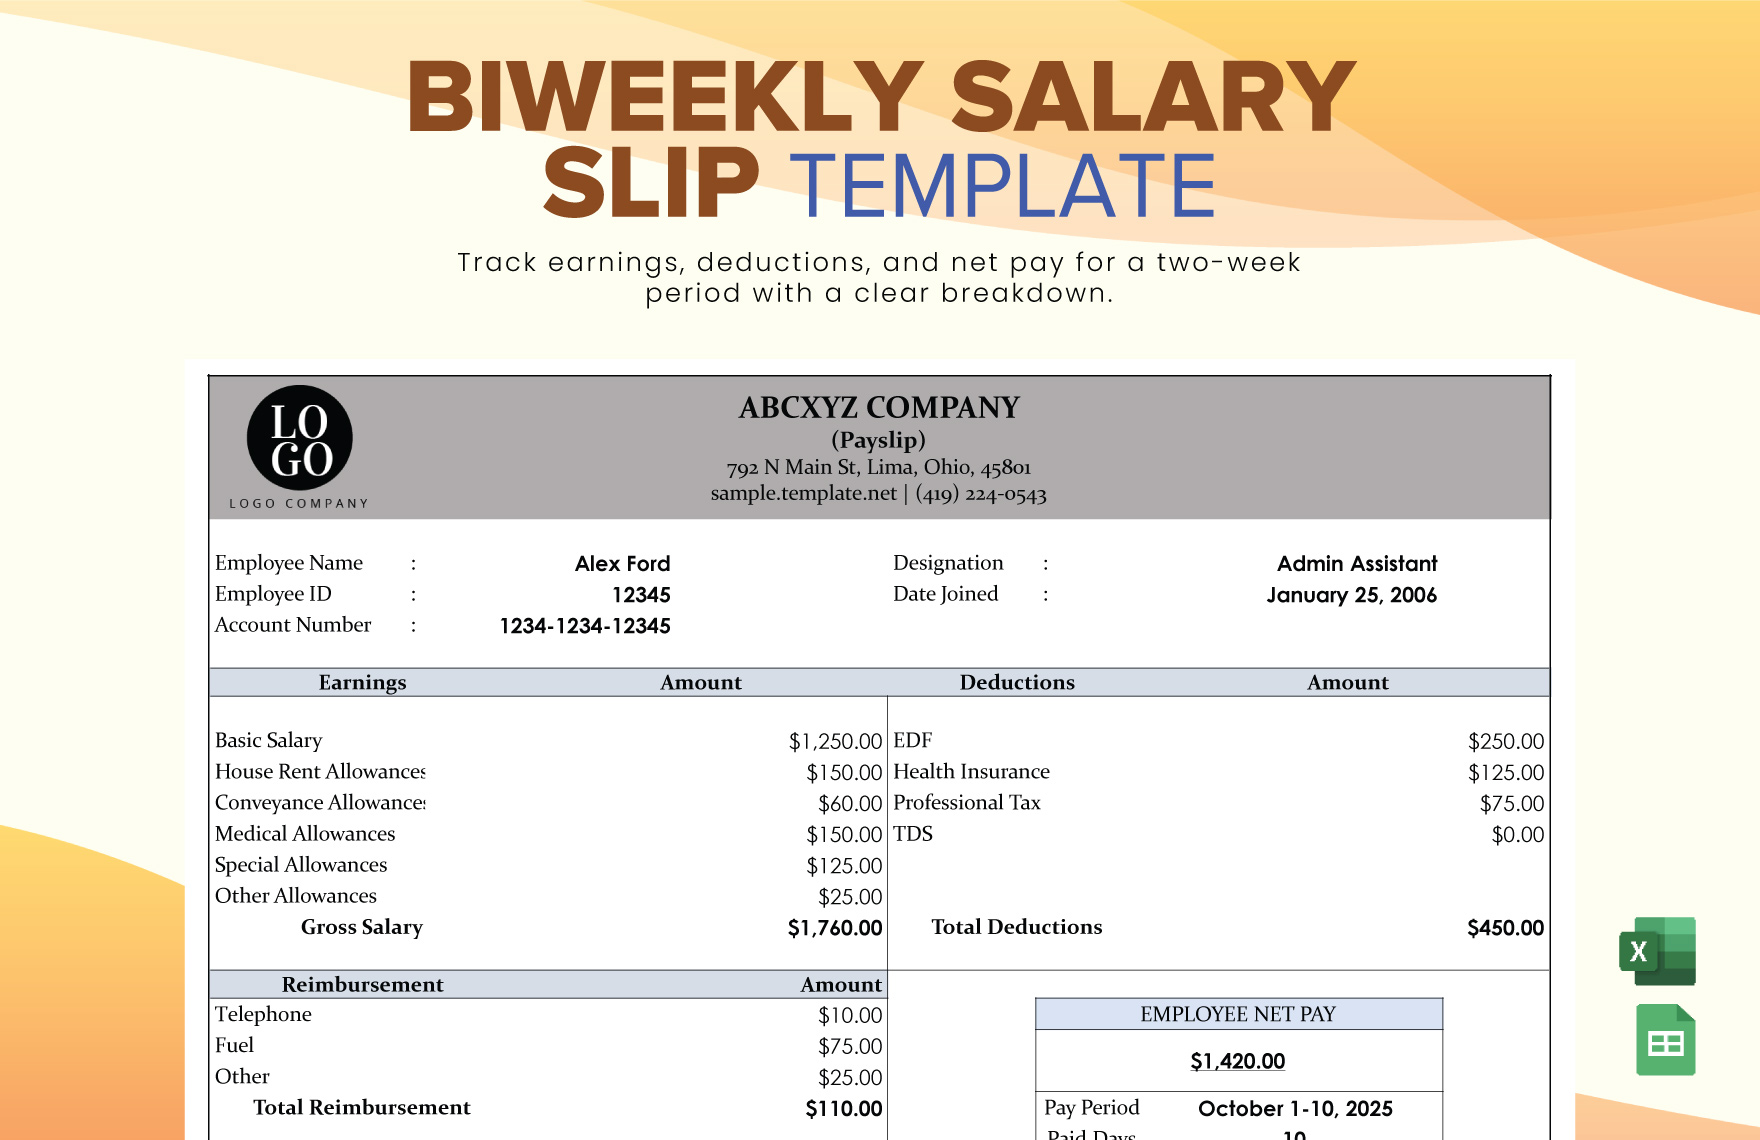 Biweekly Salary Slip in Excel, Google Sheets
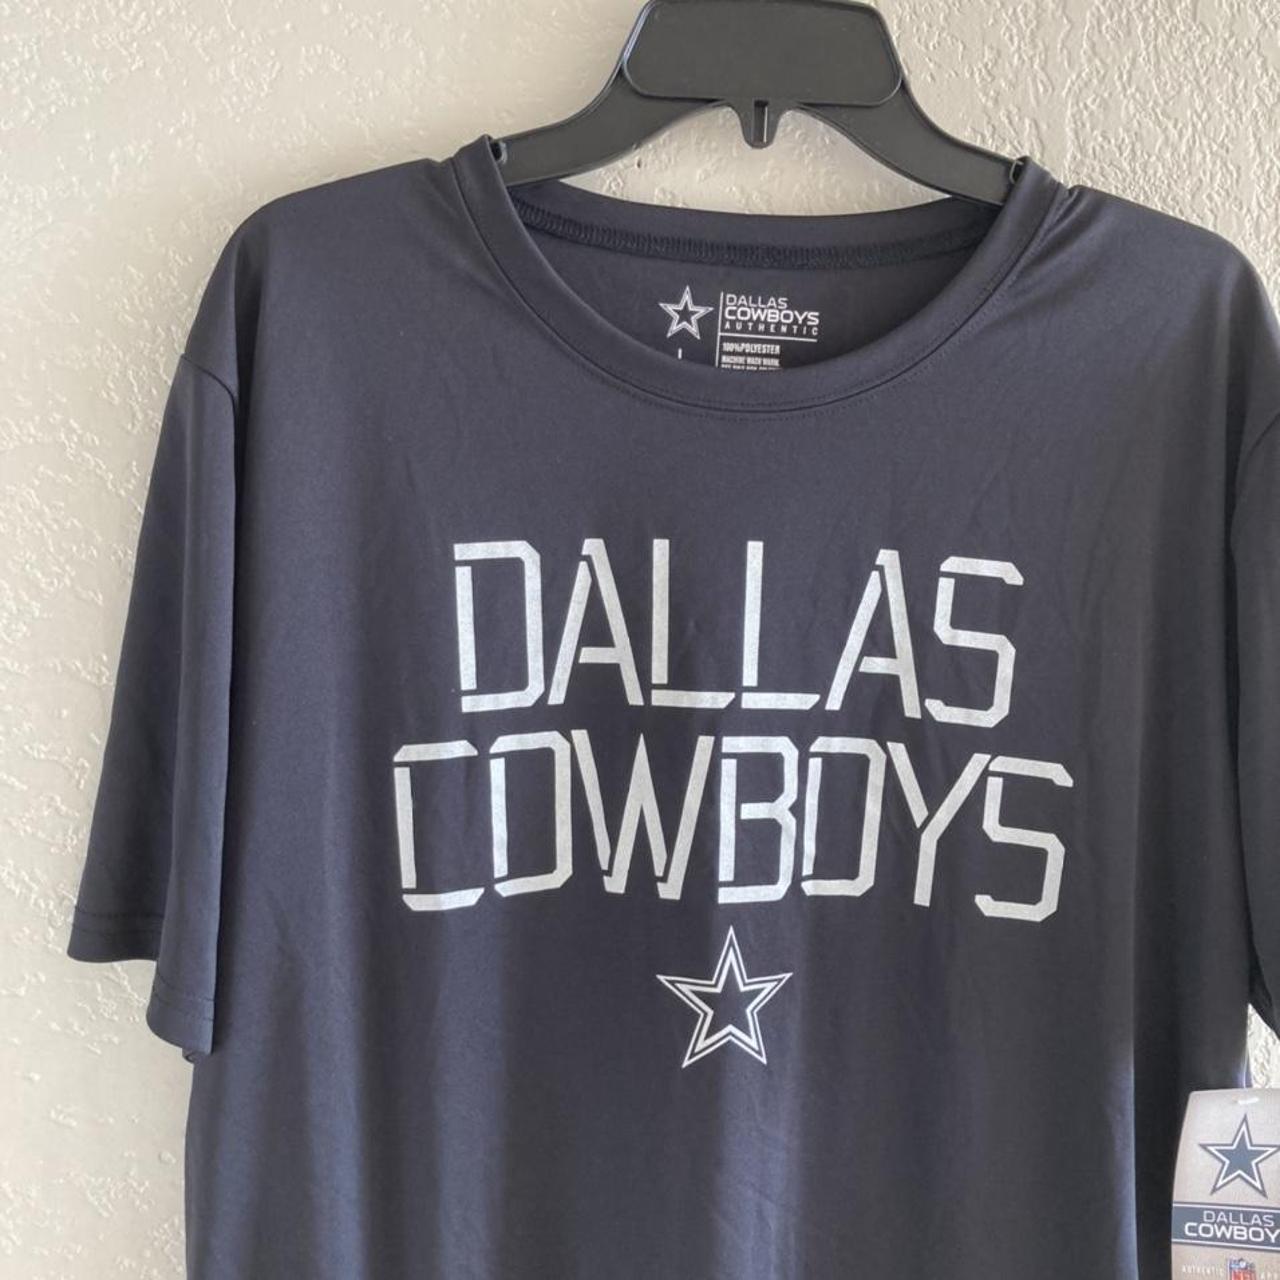 Product Image 2 - Dallas Cowboys Authentic Tee Shirt
Black
Men’s
Size

• **Exercise**: Copy exactly and only this span: the line with "Product Image 2" through the final line of the entries, both ends included, with the pictures left out.

• **Response for this exercise**:
 Product Image 2 - Dallas Cowboys Authentic Tee Shirt
Black
Men’s
Size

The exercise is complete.